> [What is expected] Only the lines from the one that includes "20 Inch Glass" through the last line below belong in the reply, copied exactly and without pictures.

> [Given information]
============================================================
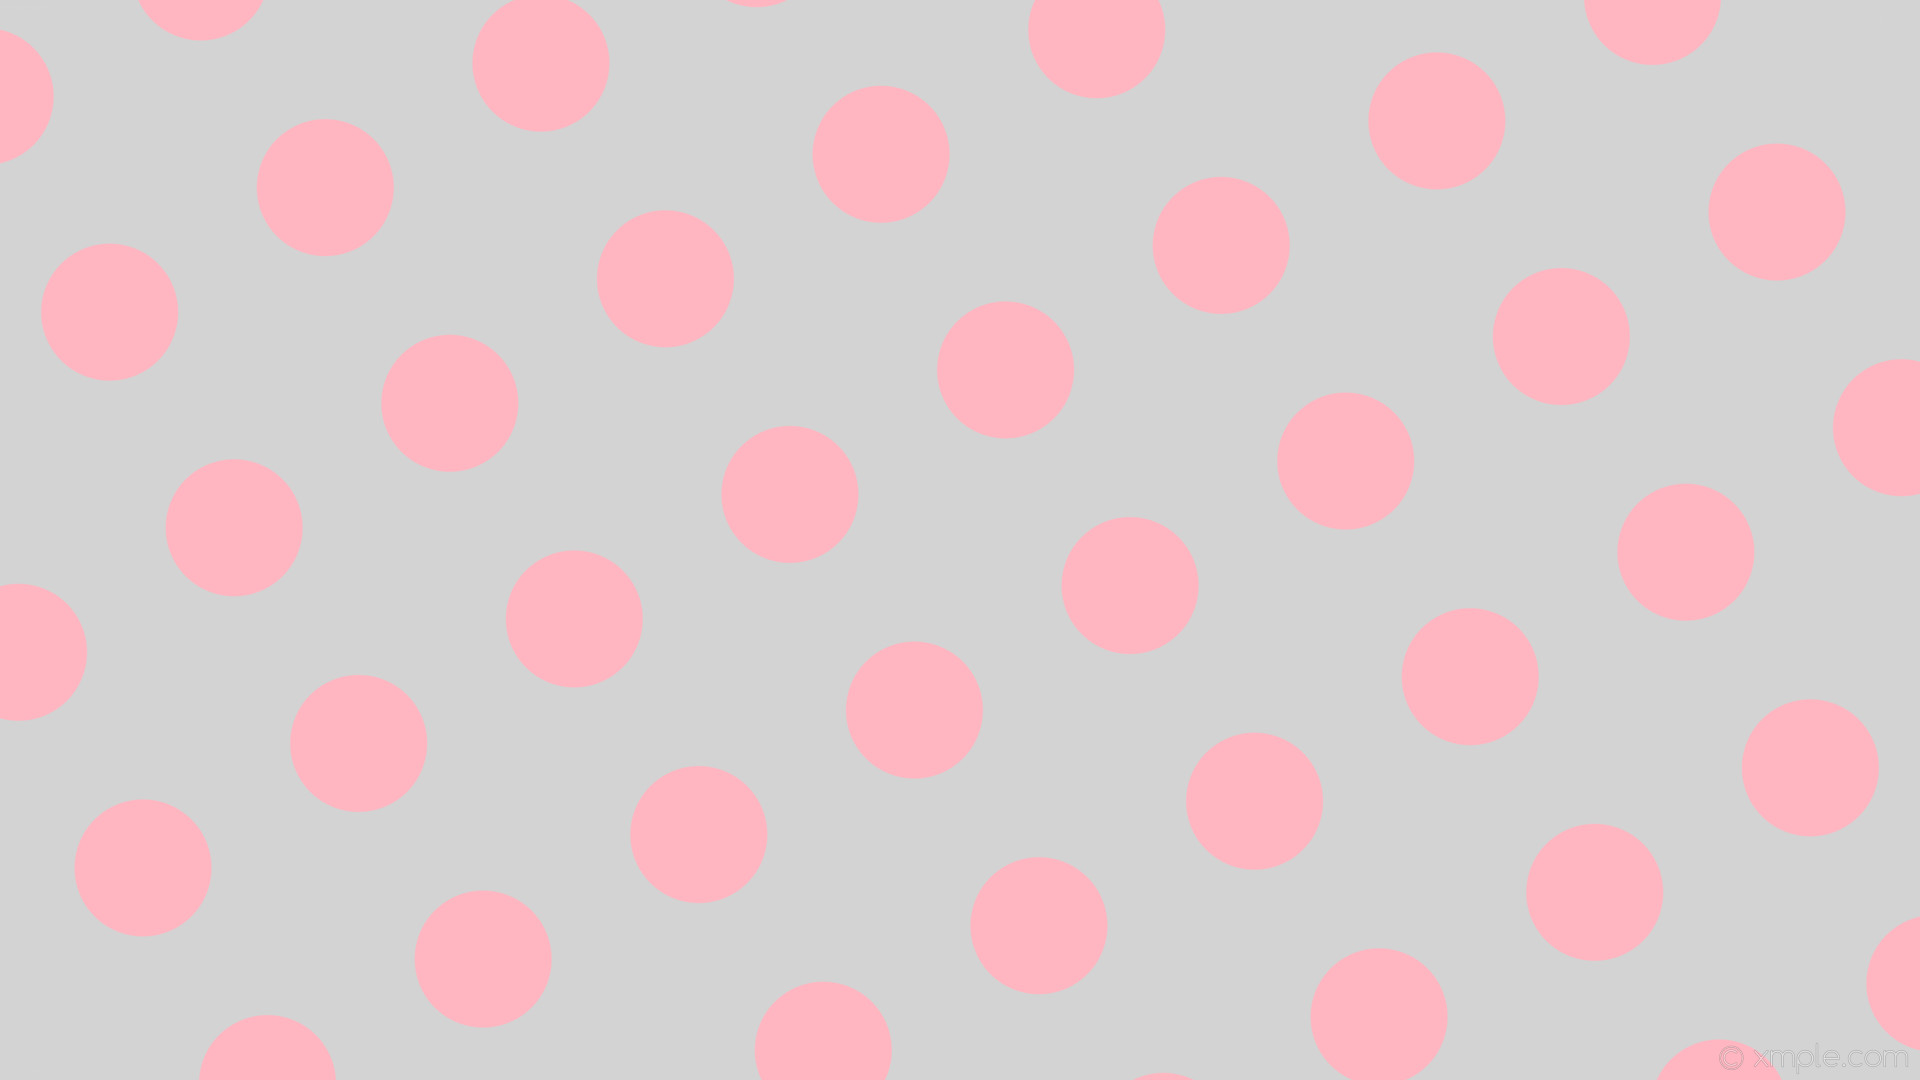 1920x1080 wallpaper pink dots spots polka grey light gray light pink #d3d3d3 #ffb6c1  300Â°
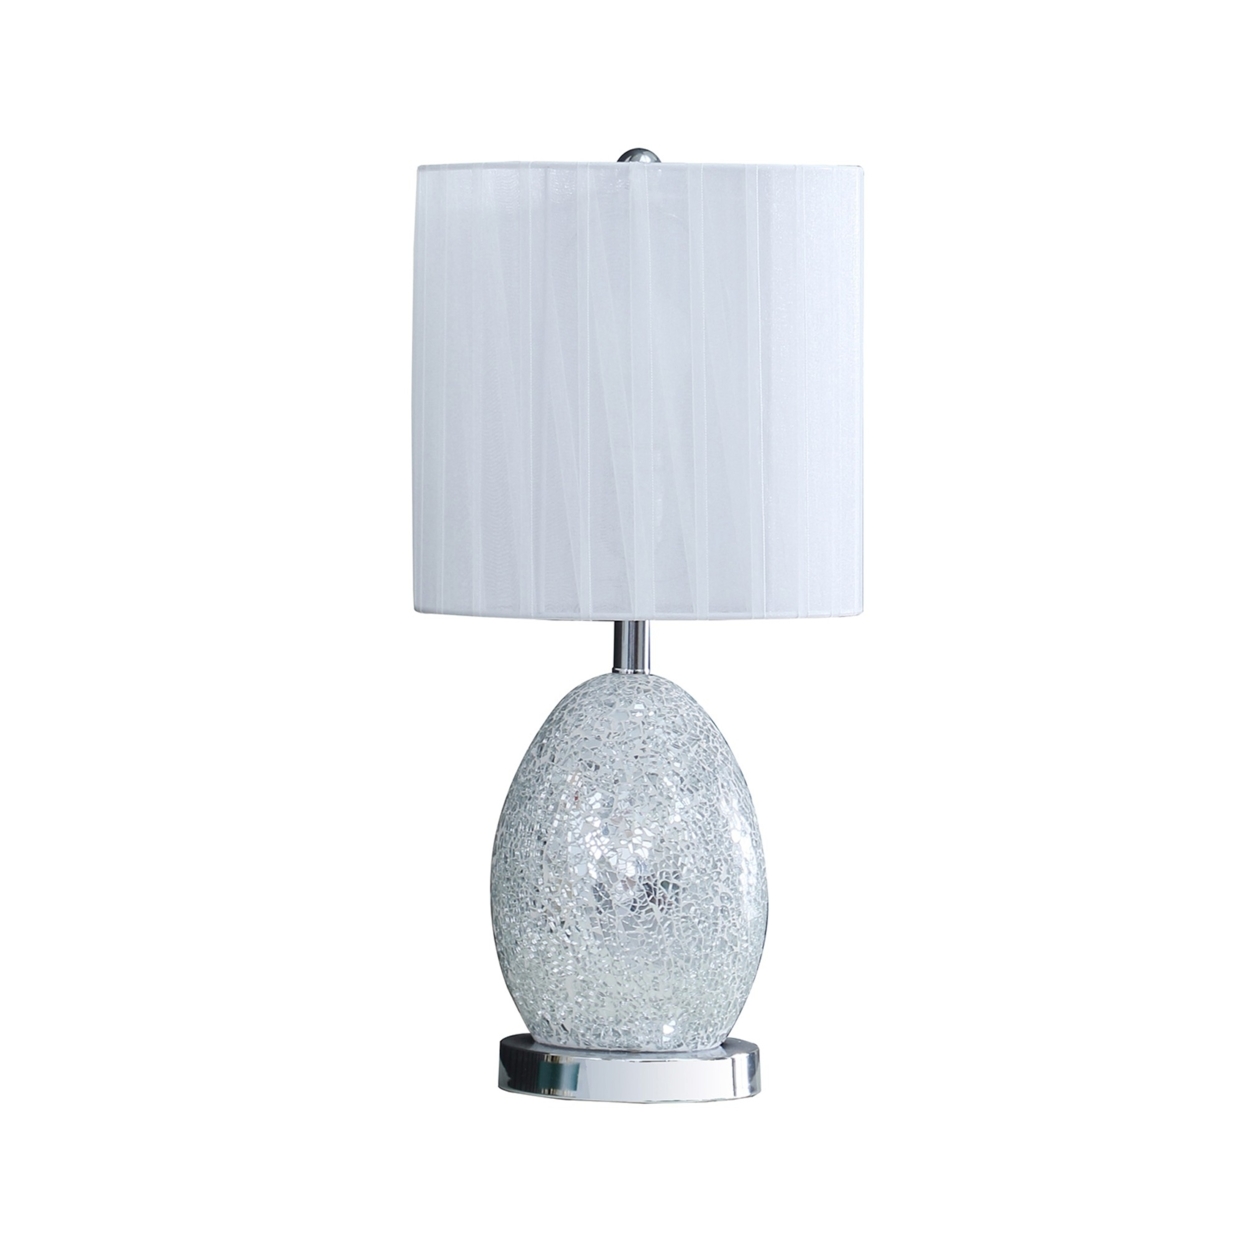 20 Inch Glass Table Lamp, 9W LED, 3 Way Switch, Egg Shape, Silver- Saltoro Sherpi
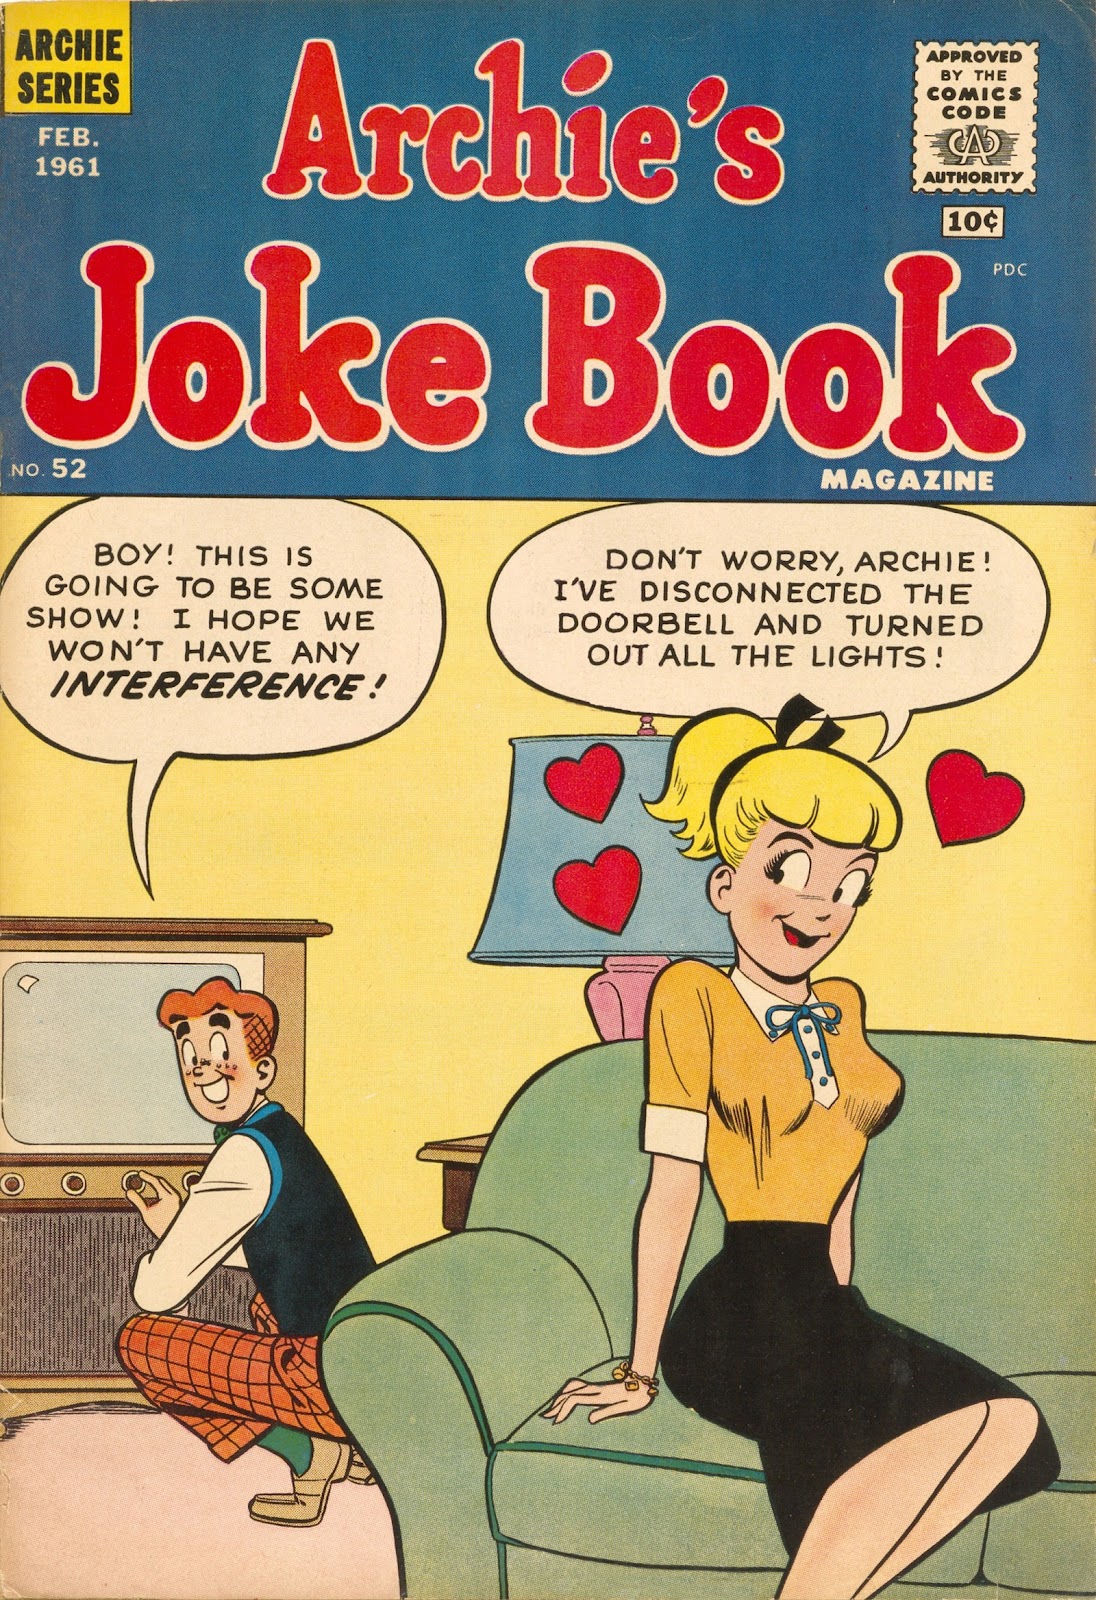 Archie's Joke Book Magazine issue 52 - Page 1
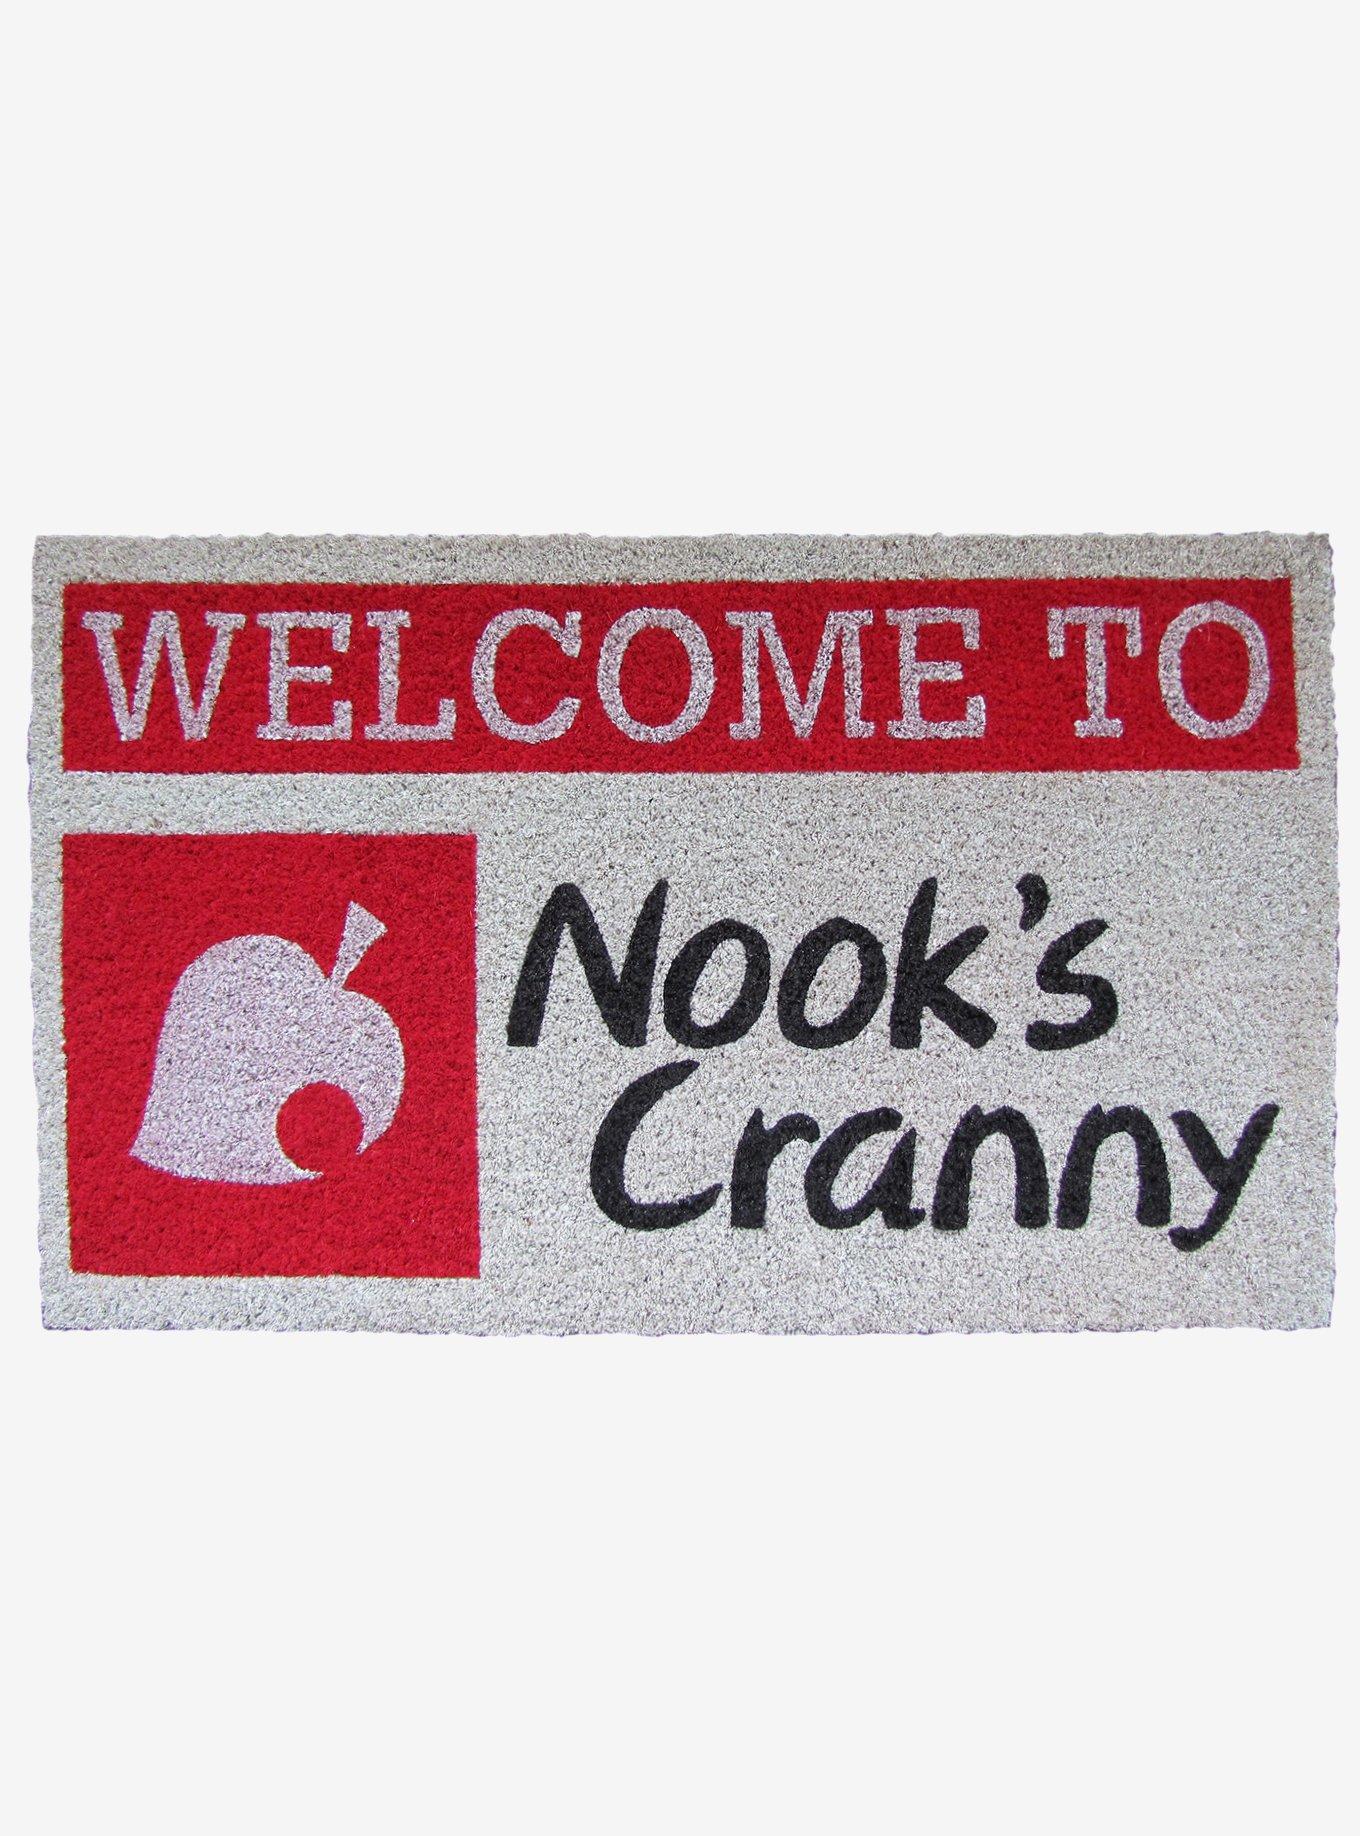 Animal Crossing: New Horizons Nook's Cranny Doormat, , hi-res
============================================================
> [Solution to the problem]
 20 Inch Glass Table Lamp, 9W LED, 3 Way Switch, Egg Shape, Silver- Saltoro Sherpi
 Archie's Joke Book Magazine issue 52 - Page 1
 Animal Crossing: New Horizons Nook's Cranny Doormat, , hi-res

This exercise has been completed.